As a university professor and a member of one of the last generations of arbitrators not initially trained in this field (in my case, coming from administrative law), I have been wondering for some time on the effect that the blossom of international arbitration is having in Latin-American students and young practitioners.

There is no doubt that for those foreign to it, arbitration appears as a particularly appealing field of practice. Not only it provides the opportunity of working in some of the most interesting matters and encountering some of the best lawyers and academics but it opens the door to developing a real international practice, something extremely unusual for those raised and trained in developing countries.

The attraction that international arbitration raises among non specialists is expressed in different ways. Partners of large firms with little or no experience in arbitration or litigation look at it with increasing interest when their time for retirement approaches. A surprising number of law firms periodically announce the opening of their arbitration practices and hundreds of participants gather in arbitration events even in locations with little-to-no arbitration tradition or work. Finally, the growing interest in arbitration reflects in the increasing curricular and extracurricular activities offered by universities, normally in the form of arbitration courses and moot competitions.

While most of these developments should be warmly welcomed, others generate some reasonable concern.

There is no doubt that moot competitions constitute a fascinating experience for all of those involved in them. Law students enjoy exciting experiences, and the moots provide teams coming from communities with no arbitration history with the opportunity to compete against (and often beat) others coming from places where arbitration practice is commonplace.

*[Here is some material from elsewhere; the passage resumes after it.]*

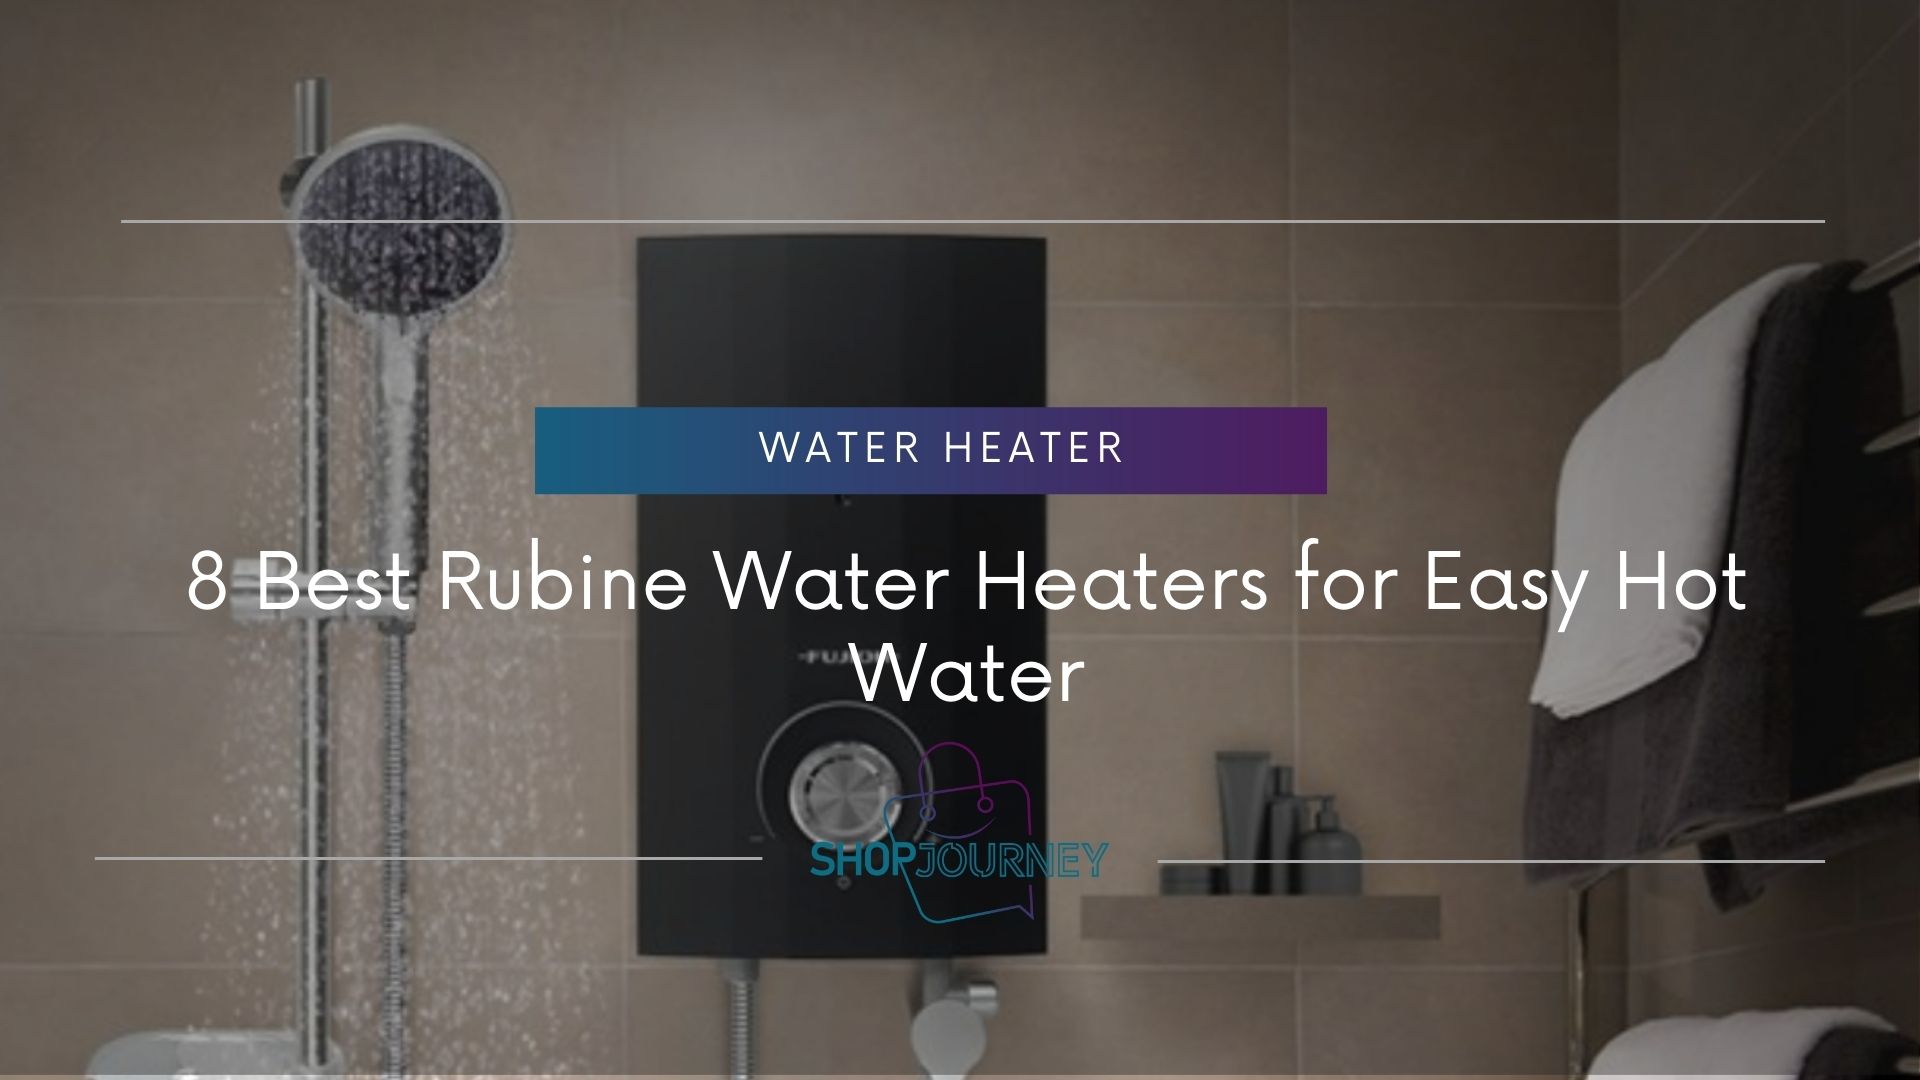 Rubine Water Heater - Shop Journey

Competitions of this kind provide students with a unique opportunity to get in contact with other legal systems and cultural approaches, develop teamwork and technical skills in a format that they have never encountered (and in many cases will never be exposed to again), make new friends, etc. Therefore, it not only becomes an extremely valuable educational experience but a personal one that they deserve and will be grateful for life.

As moot competitions, short arbitration courses (either at undergrad or graduate level) will in general provide only benefits to their participants by allowing them to obtain a useful insight and a better understanding of the arbitration field and practice.

Extended graduate programs should, in my view, be looked in a different way. While it is true that most of them will provide participants with a better preparation and skills, the decision to concentrate a legal education in arbitration should be analyzed with caution, on a case by case basis and with an informed knowledge of the existing professional demand.

There is no doubt that increasing the opportunities to specialize where a market is demanding more arbitration professionals should be praised and encouraged. However, is that the current situation in most cases?

Notwithstanding its appeal, that doesn´t seem to be the general situation in areas within Latin America. It is true that countries as Brazil or Perú have significantly increased their arbitration practise in the last few years, mainly in the domestic side. However, most of the other countries in the region are far from having the number of arbitration cases to cope with the amount of young lawyers expressing their interest in joining this field.

Arbitration is essentially a practice, which as such can still be reasonably well trained when joining a good arbitration team. On the contrary, the lack of a solid education in a substantive field of law is a defect usually found in young lawyers that very rarely can be solved but through legal education. Taking an extended graduate program primarily focused in arbitration will, in most cases, guarantee a deep knowledge of the process but also mean a more limited education in a substantive field of law (commercial law, international law, administrative law, etc) that the one to be obtained through other specific programs. And generally it is the substance, not the process, that legal disputes (including those to be settled through arbitration) concern.

Therefore, if some legal markets are not demanding such a number of arbitration specialists, are we helping students and young lawyers by encouraging them to train and become arbitration specialists? Aren´t we providing them with wrong signals for their professional development that could drive them away from paths in which they could find more success?

A “market approach” answer will most probably simply dissipate such concern by stating that if that was the case incentives to specialize in arbitration will not last long.

Although that could be right in the long term, the truth is that most of our young colleagues who are currently choosing this path instead of others will have little opportunity to correct in the future the decision that they take today.

Many of those reading this blog frequently receive resumes of outstanding candidates with impressive academic qualifications (many of which we could even envy) interested in joining their arbitration practices. Unfortunately, after a few years many of those very same candidates are still trying to insert themselves in this area being no longer young graduates but colleagues that could have consolidated in other fields of practice should they have taken different decisions.

On the long run, market rules will probably prevail and unrealistic expectations will accommodate to the real professional demand. However, until that time comes it is our duty as more experienced professionals and academics to guide our students and younger colleagues wisely and when necessary raise our voices as what we do (or do not) could influence significantly their future.